2.7.2 Reducing hallucinations in LLMs output
In order to solve the common illusion phenomenon in LLMs, that is, the model generates inaccurate or inconsistent content, a verification method based on iterative verification and similarity comparison is adopted. This method ensures the reliability and scientificity of each output through multiple verifications and comparisons of results. The specific verification steps are as follows:
First, LLMs generate preliminary output based on the provided prompts, describing the relationship between changes in each clinical indicator and the risk of postoperative AKI. Then, the generated preliminary output is combined with the marker name to form a second input, requiring the model to re-evaluate its effectiveness.
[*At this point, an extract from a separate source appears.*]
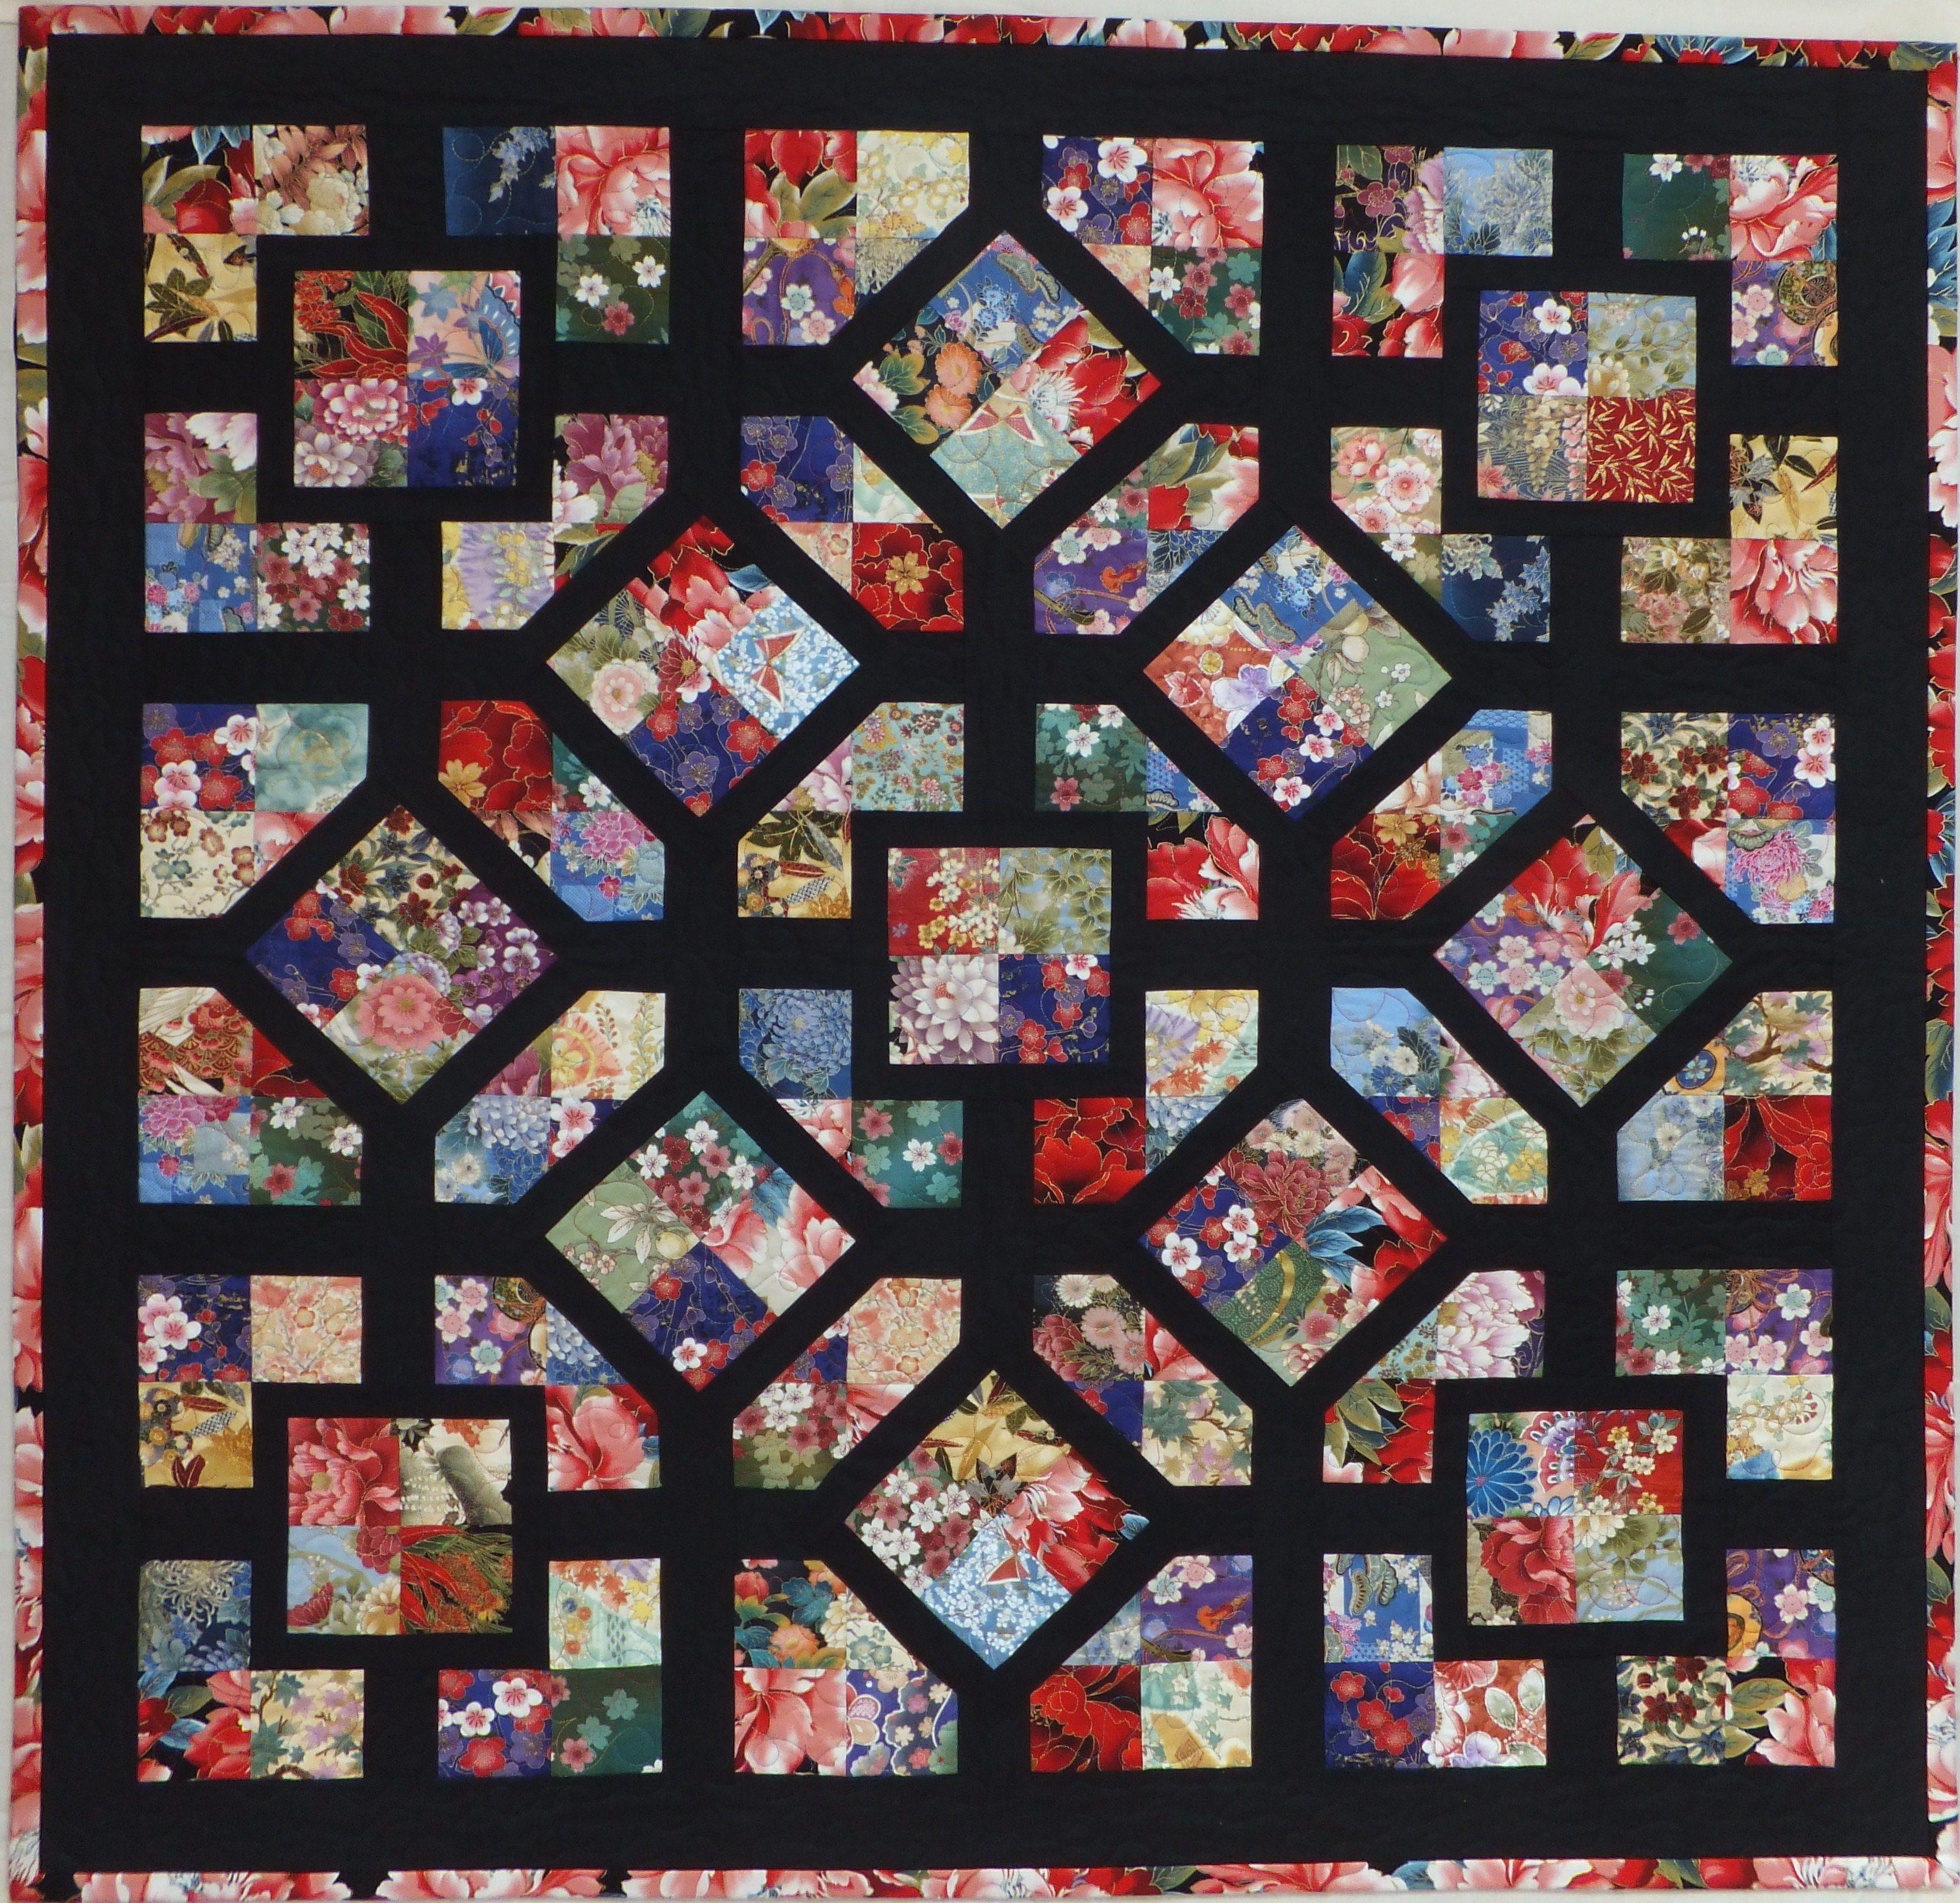 pics-black-asian-patch-quilt

The prompts for verification are as follows:
“Please evaluate whether the clinical indicator name and functional description in the input match reasonably. If reasonable, please answer “yes”; if not reasonable, please answer “no” and provide the correct biological role of the clinical indicator, especially its role in the occurrence of postoperative AKI. The specific input is as follows: (clinical indicator name) + initial results.”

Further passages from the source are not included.